The occupational scope available to women in Nigeria aren’t as strong in relation to men. Women are always at a drawback in access to employment opportunities as well as conditions of work in contrast to men Men engage in occupations such as nursing and culinary arts which are often considered feminine without opposition. However, women are still restricted from occupations such as engineering or manual labour and are always associated with jobs like nursing, baby sitting, cleaning and culinary arts. A great deal of Nigerian women forgo employment because of family responsibilities and are often seen as physically weak and not fit for work. This is an issue that the women of Nigeria have been facing for centuries, measures and steps to eradicate this issues have been taken. Despite the progress and encouraging development in the earlier days, gender gap still exists and remains in Nigeria today.

"The evacuation of impediments and imbalances that ladies look concerning business is a stage towards understanding ladies' potential in the economy and improving their commitment to financial and social improvement. The Beijing Declaration attests national pledge to the unavoidable privileges of ladies and young ladies and their strengthening and equivalent cooperation in all circles of life including the financial domain7. The Beijing Platform for Action (BPA), recognizes ladies' part in the economy as a basic region of concern and points out the need to advance and encourage ladies' equivalent access to business and assets and in addition the harmonization of work and family obligations regarding ladies and men.

Besides, the Millennium Development Goals (MDGs) focuses on the accomplishment of full and beneficial business and not too bad work for all including ladies and youngsters as a major aspect of MDG 1 to destroy extraordinary destitution and appetite.
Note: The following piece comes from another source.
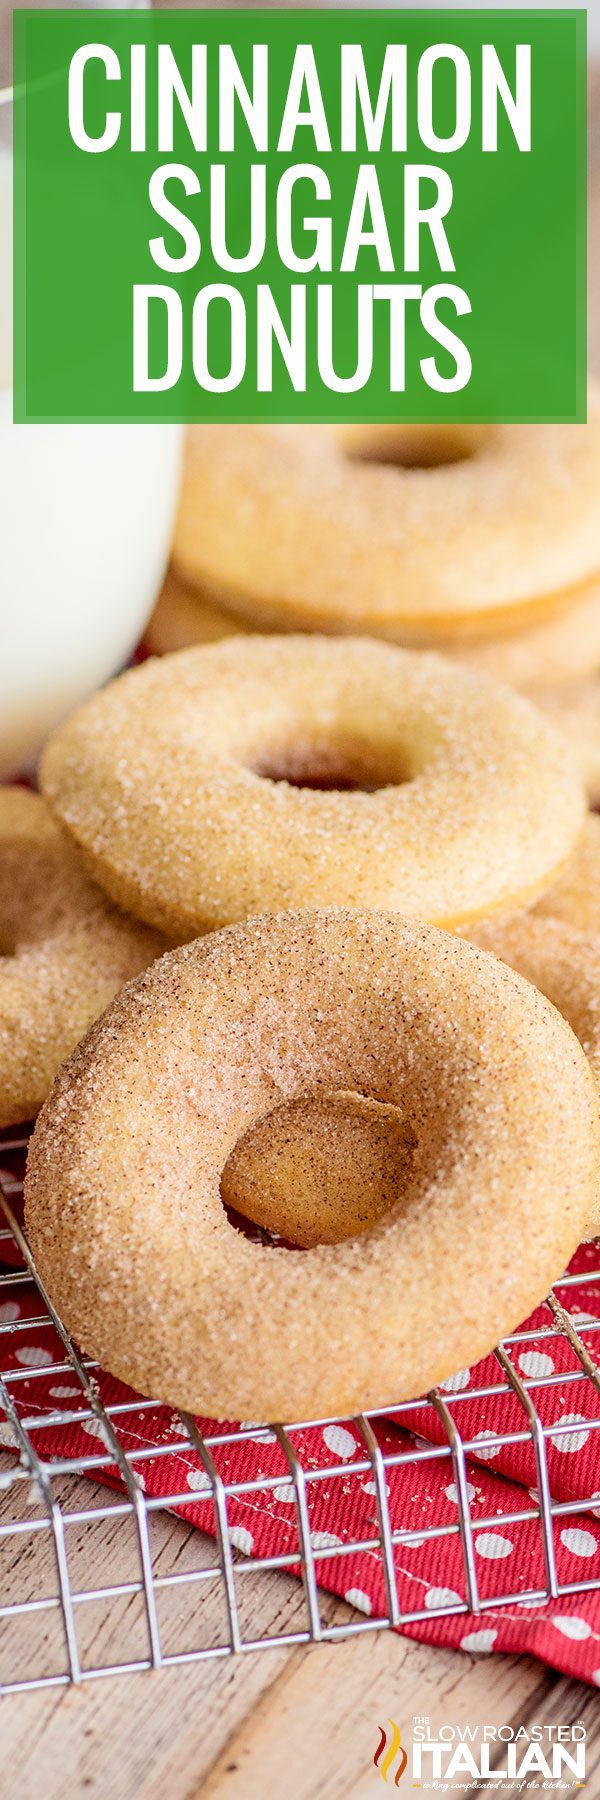 cinnamon sugar donuts closeup

Some advance has been made towards these finishes, yet the additions are uneven"

Role of feminism in all of this is to ensure equality and prove that men and women can be on the same wave length socially, economically, politically and in other walks of life in general and nobody should be seen as less because of whatever gender they belong to . Also, the majority of the public already believes in the equality of “ALL genders,” we just want to make sure people understand that, that is exactly what Feminism is and that is the motive behind this monumental movement and it should never be seen as a thing that brings burden but be accepted by everybody and if they do not accept it they have to respect it the way they feel that men should be respected in this patriachy dominated society . Feminism isn’t and has never been a movement against men, women need men in whatever capacity, just as men need women, feminism has never been to oppress men but to liberate women. Women empowerment programs such as Forum of Nigerian Women in Politics to address inequality and oppression of women in Nigeria have been introduced and many more should follow suit and introduce more intellectual and enlightening programs as such. Its main purpose is to “promote women empowerment and eradication of all forms of violence and discrimination against women”. It supports women decision making in both public and private sector.the group also organizes seminars on empowerment and inequality among other things. In conclusion, women should never be seen as less and furthermore should not be seen as materials at mens disposal, thus, they should be allowed to live life the way they feel they should and should never be under the wing of a man.